The CDC has since adopted the incident command system, where operation centers like the one at East Central Health District can be activated in a time of disaster or incident to help speed communication between agencies. The center was activated in 2005 during the Graniteville train disaster, which killed nine people, to coordinate information coming from the hospitals, said Jonathan Adriano, director of the Office of Bio-Terrorism/Emergency Preparedness for the health district. There are now lines of communication between agencies that hardly existed before 9/11 and the anthrax incidents, he said.

“A lot of times we work in silos,” Adriano said. “But after 9/11, we realized we can’t do that anymore.”

Columbia County now has a hazardous materials team and there are more sophisticated ways of handling decontamination, such as mobile units that can be set up to treat people more quickly and more privately, Tucker said.

“Right now, trust me, our methods have improved tremendously if we were to have this same kind of thing happen again,” she said.

There is now a written protocol in Georgia between public health and agencies like the Federal Bureau of Investigation that outlines how a suspicious package or powder is to be handled, Adriano said.

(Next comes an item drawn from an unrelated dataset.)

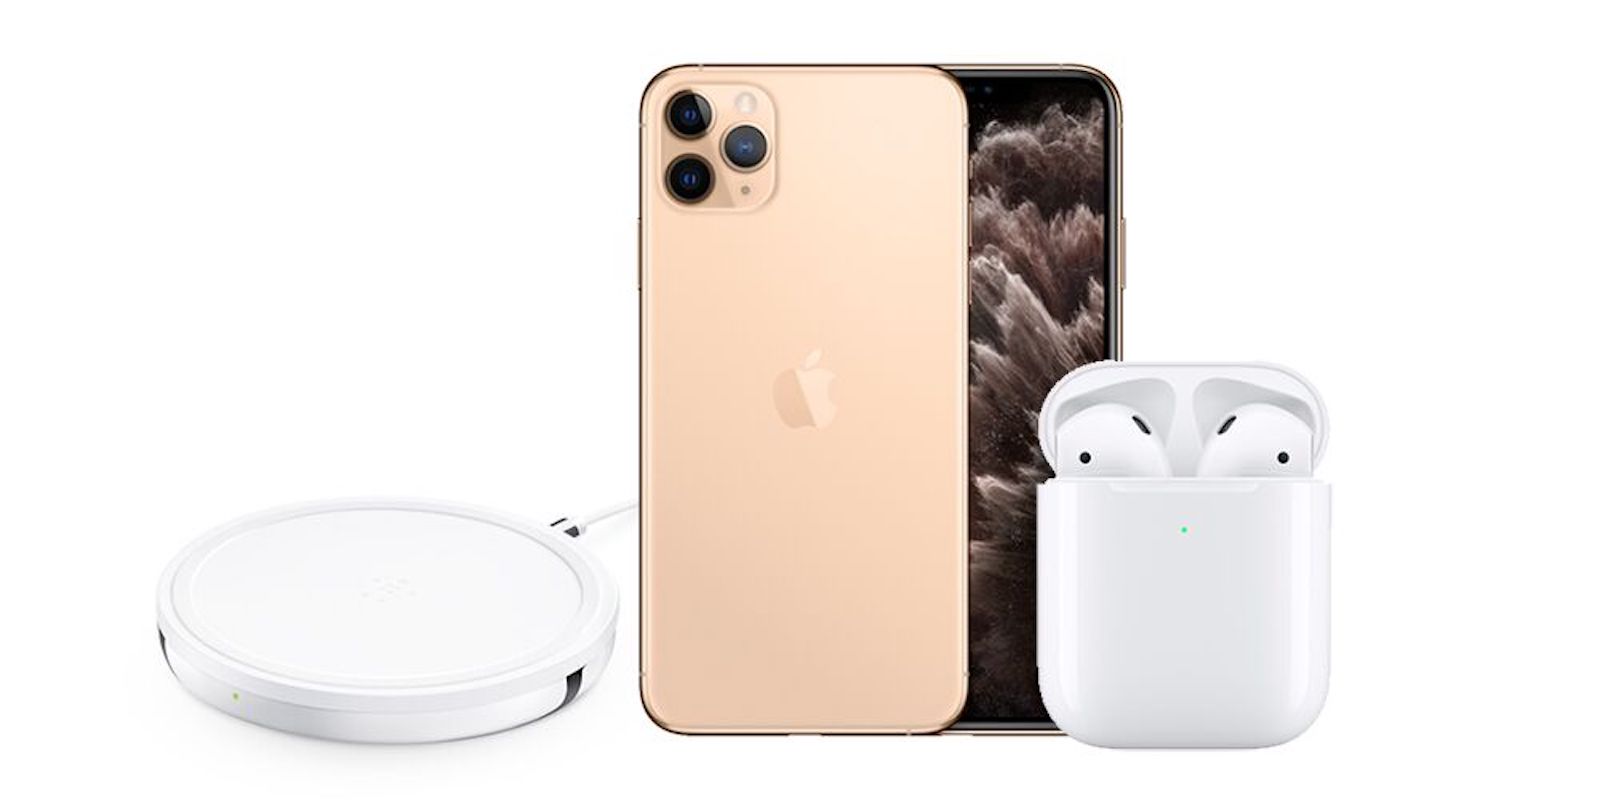 The iPhone 11 256GB + AirPods & Charging Pad Giveaway

“That is a huge help because before that, when you had a suspicious powder incident, there were a lot of questions about testing, who determines what gets tested, credibility of the threat and all of that,” he said. “Now we have a clear-cut understanding that if the FBI doesn’t support this being tested, it won’t be tested by the Georgia public health lab.”

There are also 730 volunteers with the district’s Medical Reserve Corps that can help out in a crisis, such as distributing drugs from the Strategic National Stockpile if it is needed to respond to an incident, said coordinator Preston Harpe,

“Without them, I seriously doubt we could do it,” he said.